Personal information
- Nickname: Dangerous
- Nationality: Irish
- Born: 10 November 1969 (age 56) Drogheda, Ireland
- Height: 5 ft 5+1⁄2 in (166 cm)
- Weight: Featherweight

Boxing career
- Stance: Orthodox

Boxing record
- Total fights: 23
- Wins: 16
- Win by KO: 14
- Losses: 5
- Draws: 2

= Deirdre Gogarty =

Irish boxer

Deirdre Gogarty (born 10 November 1969) is an Irish former female boxer who is coach of the Ragin' Cajun Boxing Club. Originally from Drogheda in County Louth, she attended Drogheda Grammar School. Before a law was passed in Ireland preventing women from engaging in boxing events, Gogarty was able to begin her career with a six-round decision win against Anne-Marie Griffin. However, when that law was passed, Gogarty could not engage in competition in Ireland. In consequence, she was based in Lafayette, Louisiana and was managed and trained by Beau Williford.

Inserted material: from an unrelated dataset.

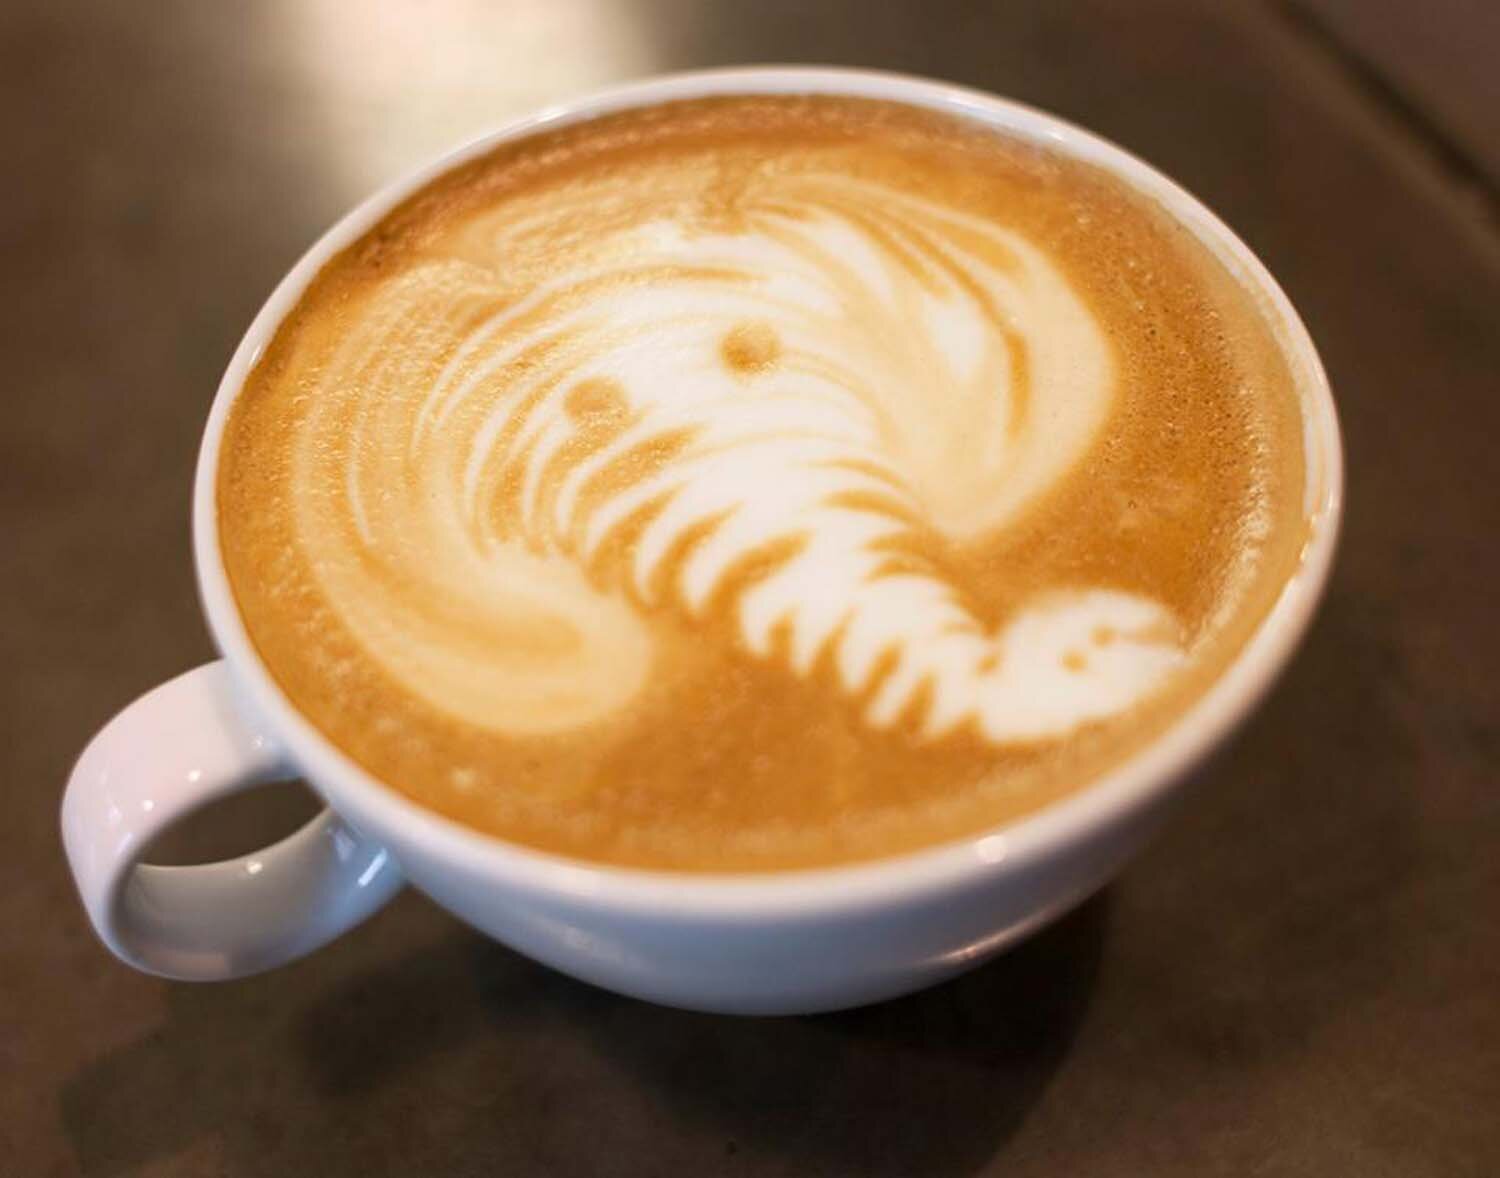 Cassia's latte art, poured elephant.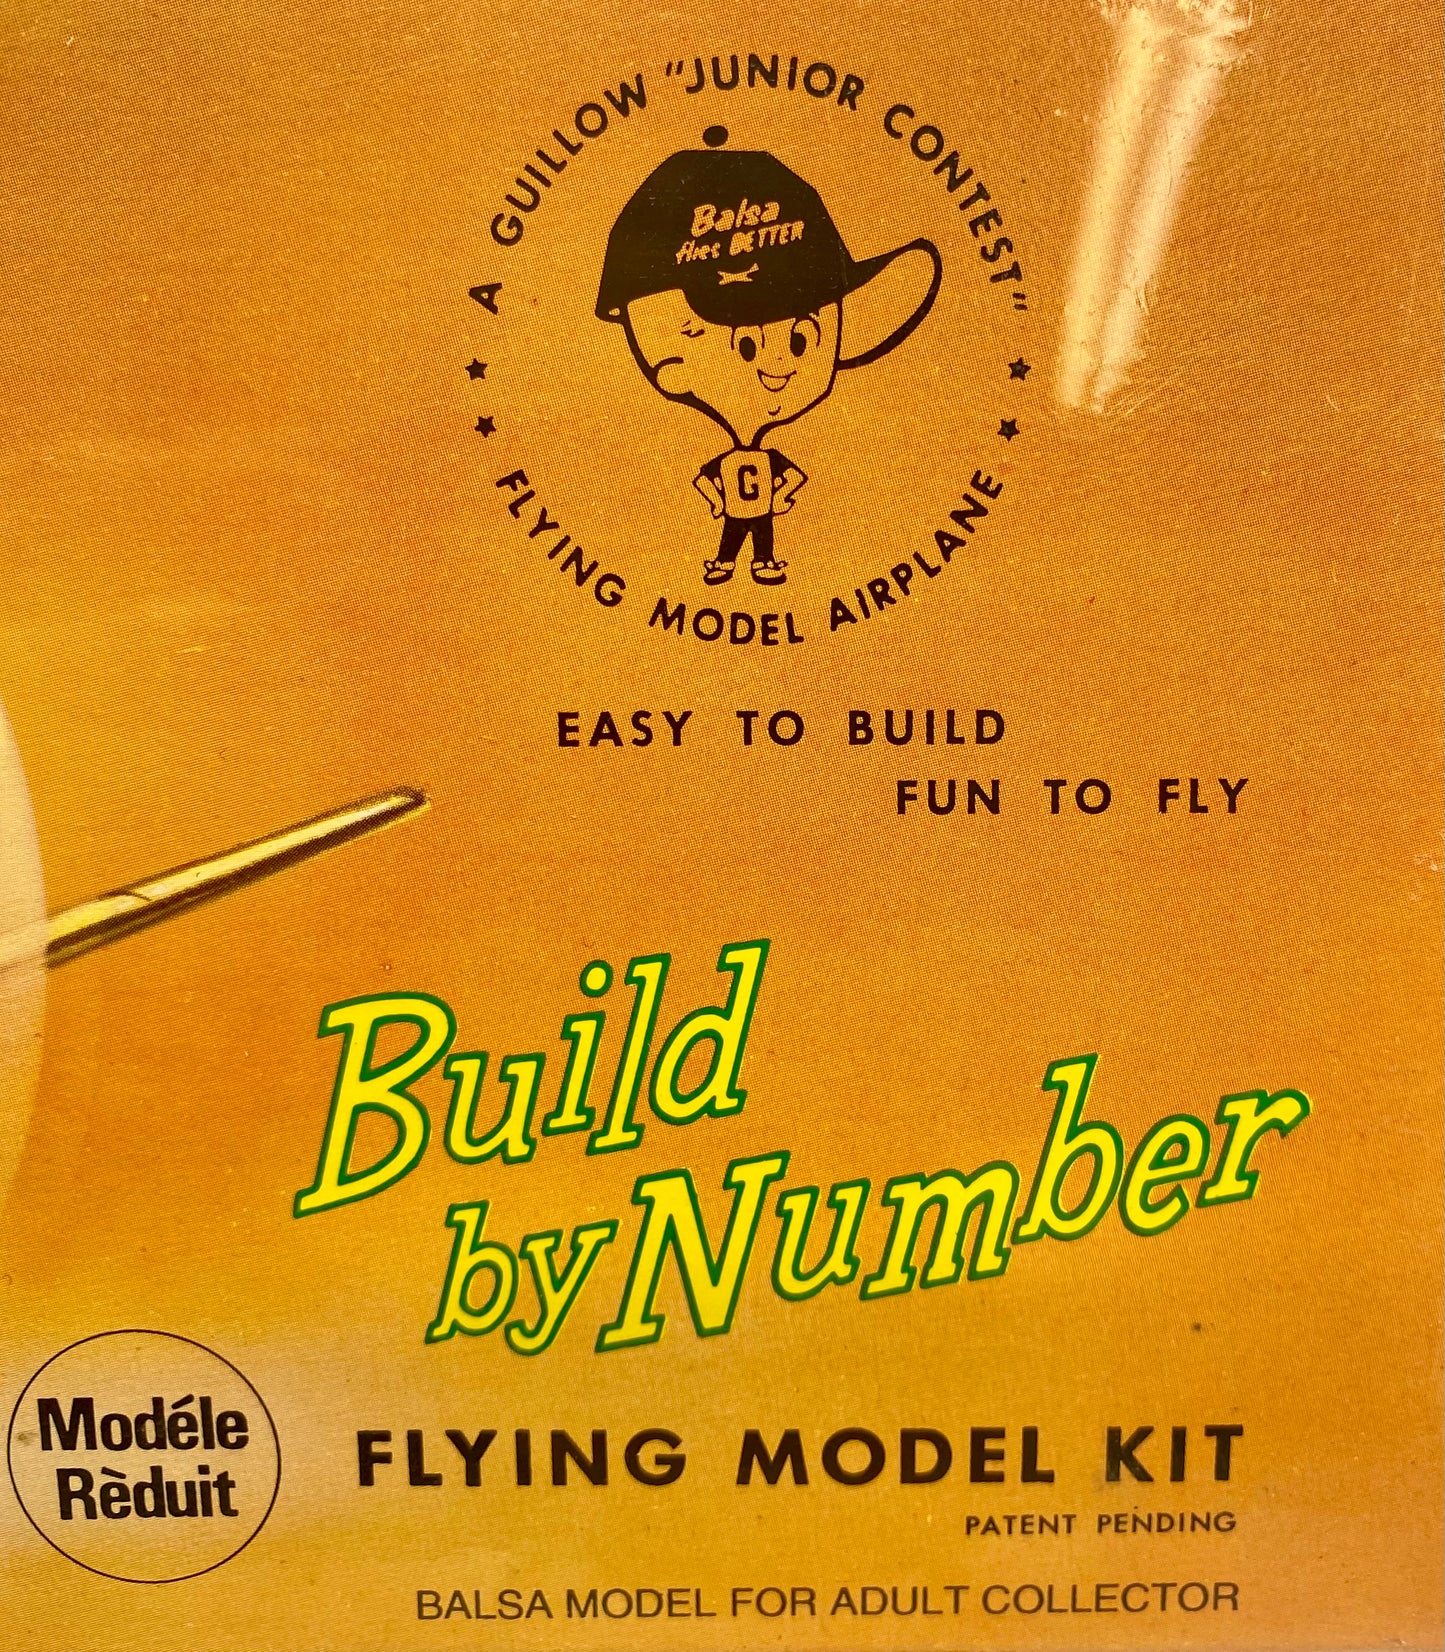 Guillow's Javlin - Factory Sealed - Balsa Wood Model Kit 24" Wingspan

The law preventing females from participating in the sport of boxing in Ireland has since been revoked and there is an increasing number of females becoming involved with the sport thanks to its Olympic acceptance and the consistent international success of Katie Taylor.

After leaving Ireland, Gogarty's next three fights took her to London and Kansas City, Missouri. In London, she defeated Jane Johnson twice, by a four-round knockout and by and eight-round decision. In Kansas City, she drew after six rounds with Stacy Prestage After the rematch with Johnson, she obtained her first knockout in the first round, beating Jane McGhee. Another win followed this and she was matched with Prestage again, resulting in another draw after six rounds.

Following the emerging pattern, another win followed this tie and she was matched against Prestage for a rubber match. However, this time Gogarty suffered her first loss when Prestage won a ten-round decision over her. Two more wins followed this defeat, including a six-round knockout of the top contender Carol Brown and a first-round knockout win over Missy Buchanan. In spite of this winning streak, Gogarty next lost a six-round decision when she faced Mary Ann Almager.

Gogarty followed this defeat with a win, after which she was matched with Isra Girgrah, whom Gogarty knocked out in three rounds. This is considered her biggest win to date. She then boxed another of female boxing's top competitors when she faced Laura Serrano, who beat Gogarty by a knockout in round seven. A knockout win in the first round followed this defeat, when she fought Jessica Breitfelder. Gogarty then participated in the fight many credit as putting female boxing on the sports' fan page: she and Christy Martin faced each other in a six-round match that was televised by Showtime. This fight made the covers of many magazines. Many fans of women's boxing considered it the female version of the Thrilla in Manila. Martin won by a six-round decision.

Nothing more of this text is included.